Top /r/MachineLearning Posts, Mar 22-28: Deep Learning flaws & Security, DeepMind Publications, and Keras

Computer Vision security issues, DeepMind, statistics with Python, hacking on neural networks, and Keras, a neural network library are all topics on top of /r/MachineLearning this week.

Grant Marshall

Fooling images This week on /r/MachineLearning, we have posts ranging from computer vision security to new deep learning libraries.

1. Images that fool computer vision raise security concerns +101

This post details work done at Cornell and University of Wyoming investigating pathological cases where Deep Learning algorithms used for image recognition falsely identify common objects with high confidence. The researchers raise issues that this may cause in security moving forwards. It’s an interesting read if you like security and are interested in its intersection with computer vision and image recognition.
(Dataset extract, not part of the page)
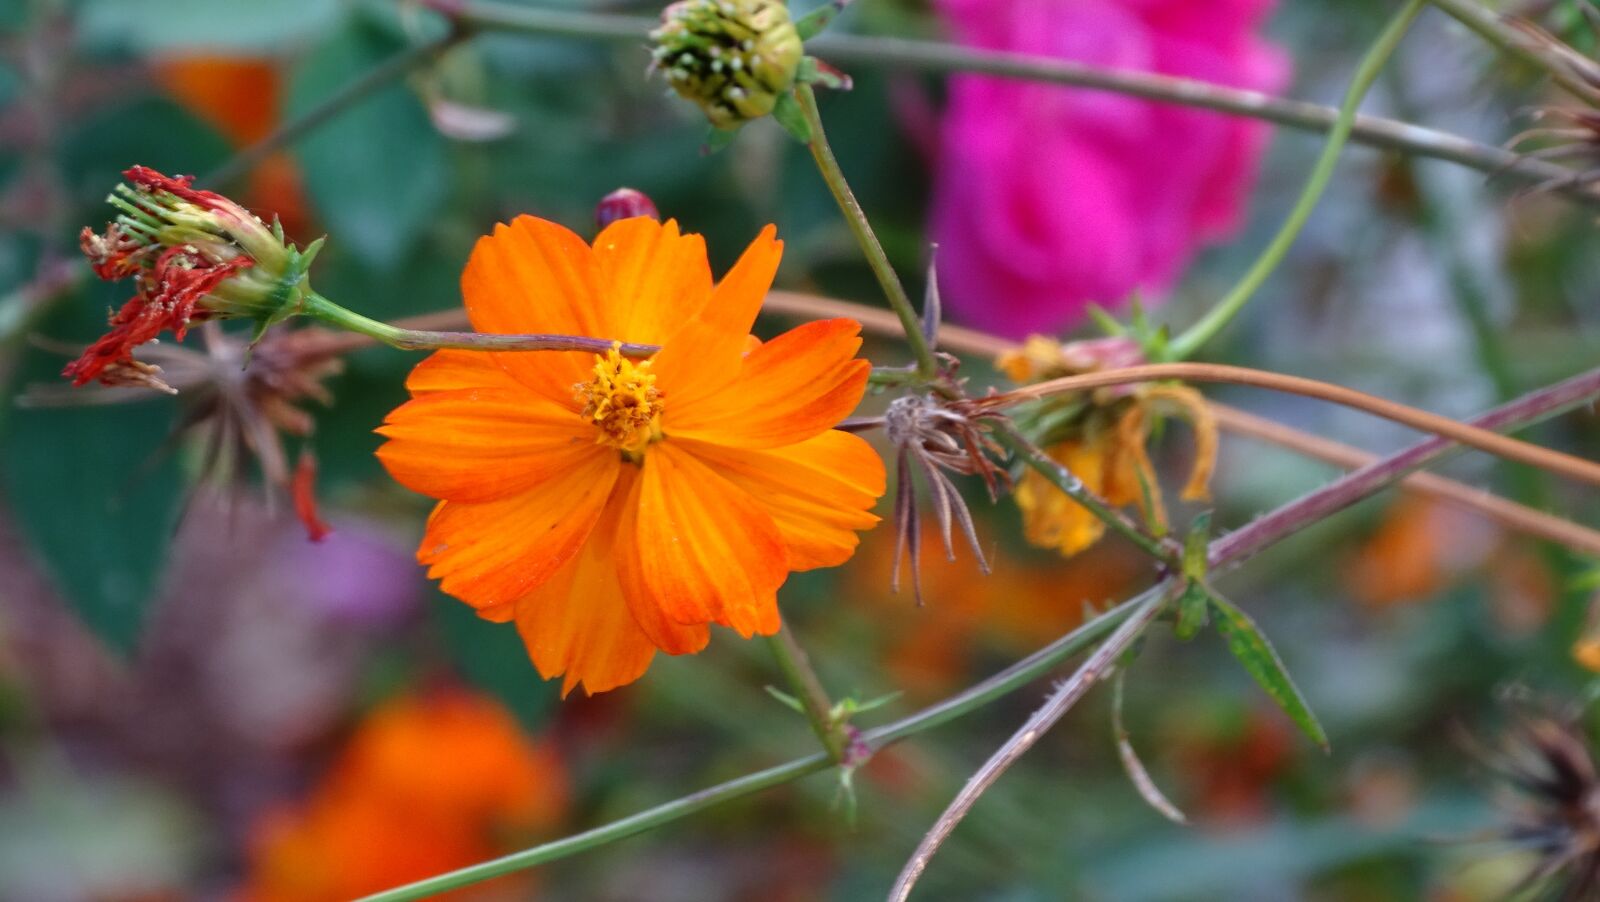 Sony Cyber-shot DSC-HX400V sample photo. Orange, flower, garden photography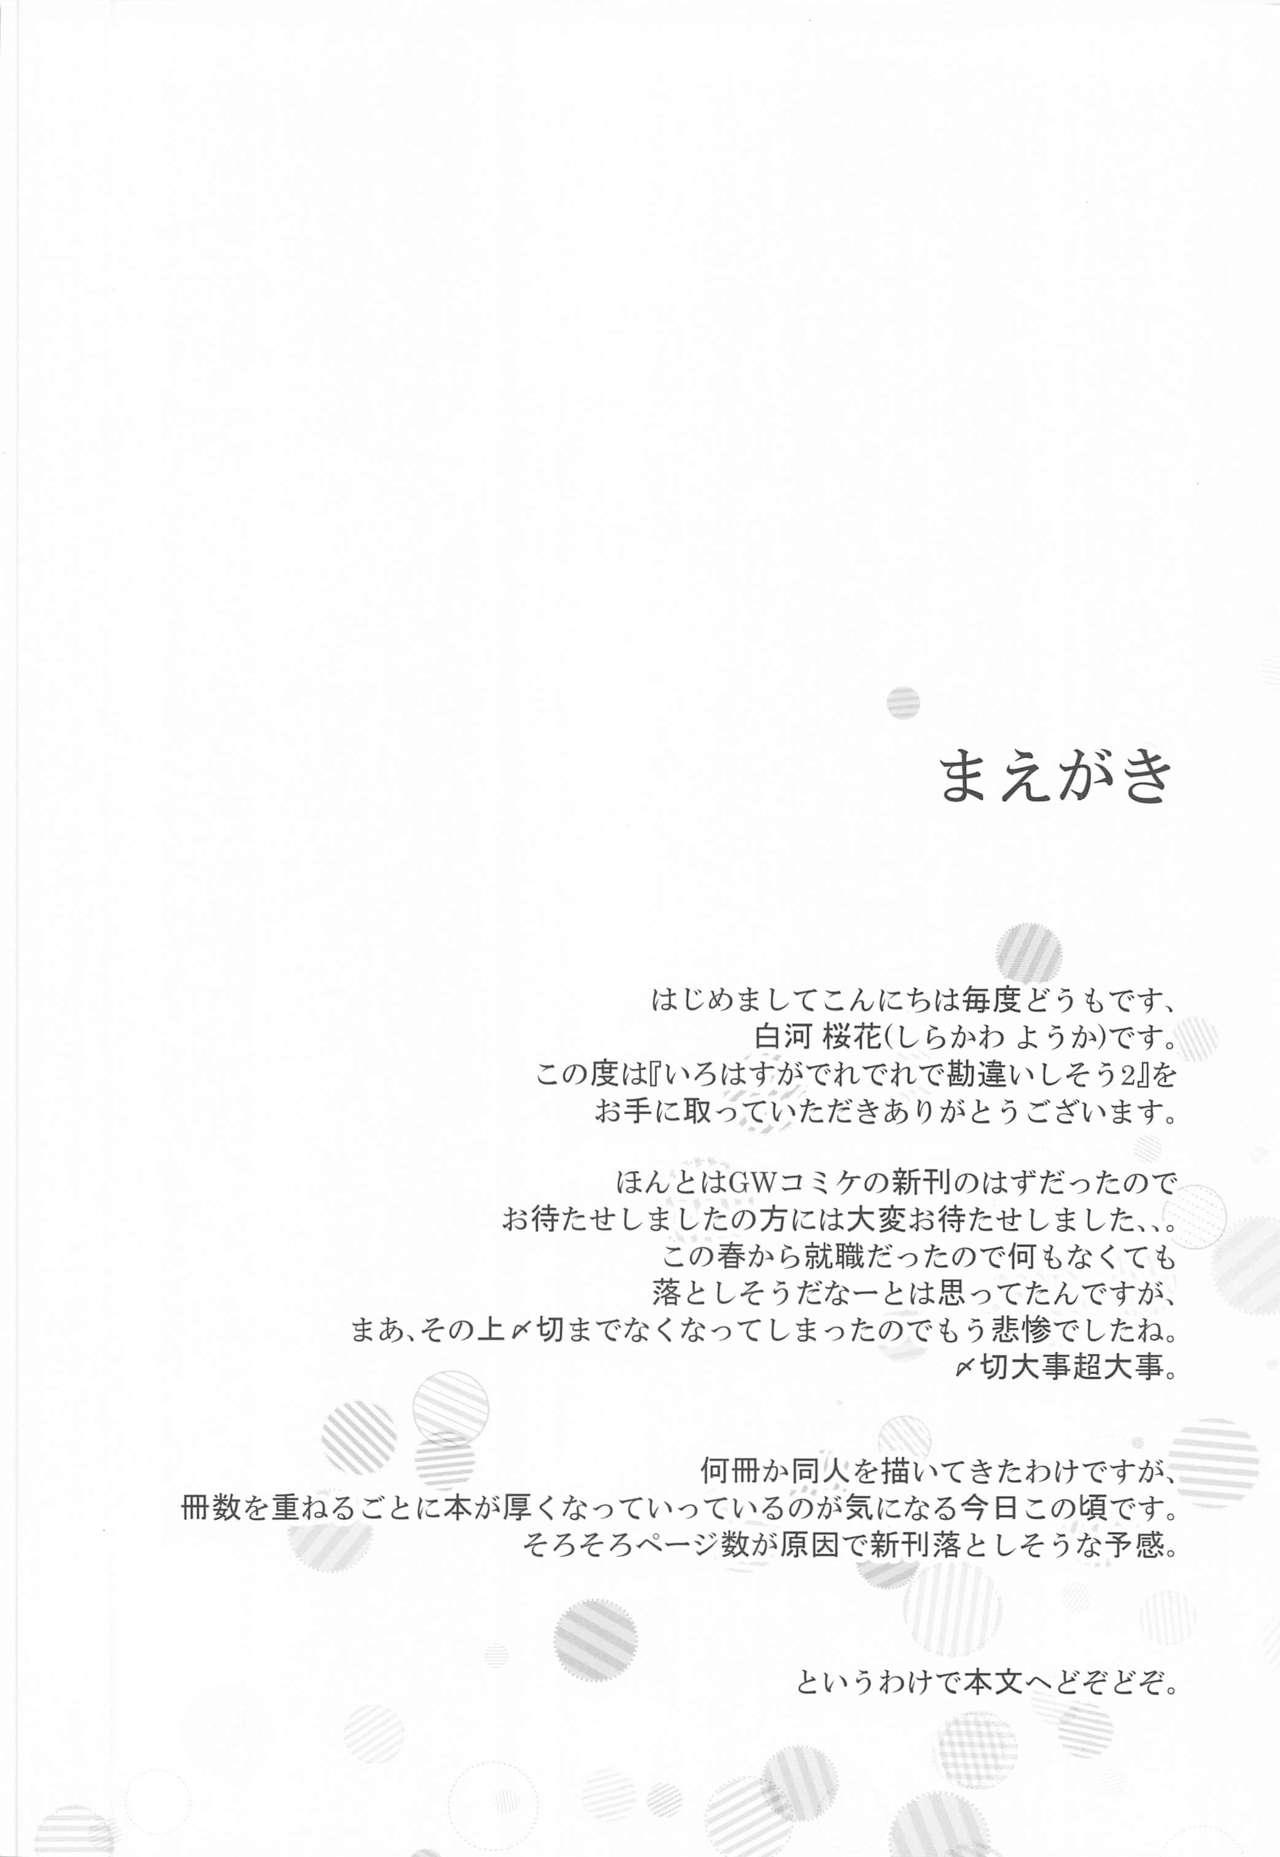 Bunda Irohasu ga Deredere de Kanchigai Shisou 2 - Yahari ore no seishun love come wa machigatteiru Pija - Page 3

2. Google DeepMind publications all in one place +84

This page includes a nice chronological list of all DeepMind related publications. It also includes the most important publications at the top. If you’ve been interested in getting a comprehensive look at the development of DeepMind, this is a good launching point.

3. Introduction to Statistics using Python +73

This guide, presented in a similar fashion to Python documentation, goes over how to conduct statistical analysis using Python. If you’ve been considering picking up Python for statistics work, this is an excellent guide.

4. Hacker's guide to Neural Networks +65

This is a hacker’s guide to neural networks, meaning that it takes a very example and code oriented approach to teaching about neural networks. It develops the topic from the basics like implementing low-level circuits and functions as code. If you like this type of approach, give this guide a read.

5. Keras: Theano-based deep learning lib, focused on fast prototyping. Supports RNNs and convnets. +62

This Github link leads to the repository for Keras, which is a minimalist and modular deep learning library. It’s based on Theano, but follows a similar mindset as Torch. If you like the idea of Torch, but want to work in the Theano/Python environment instead of Lua, this is a serious alternative to consider.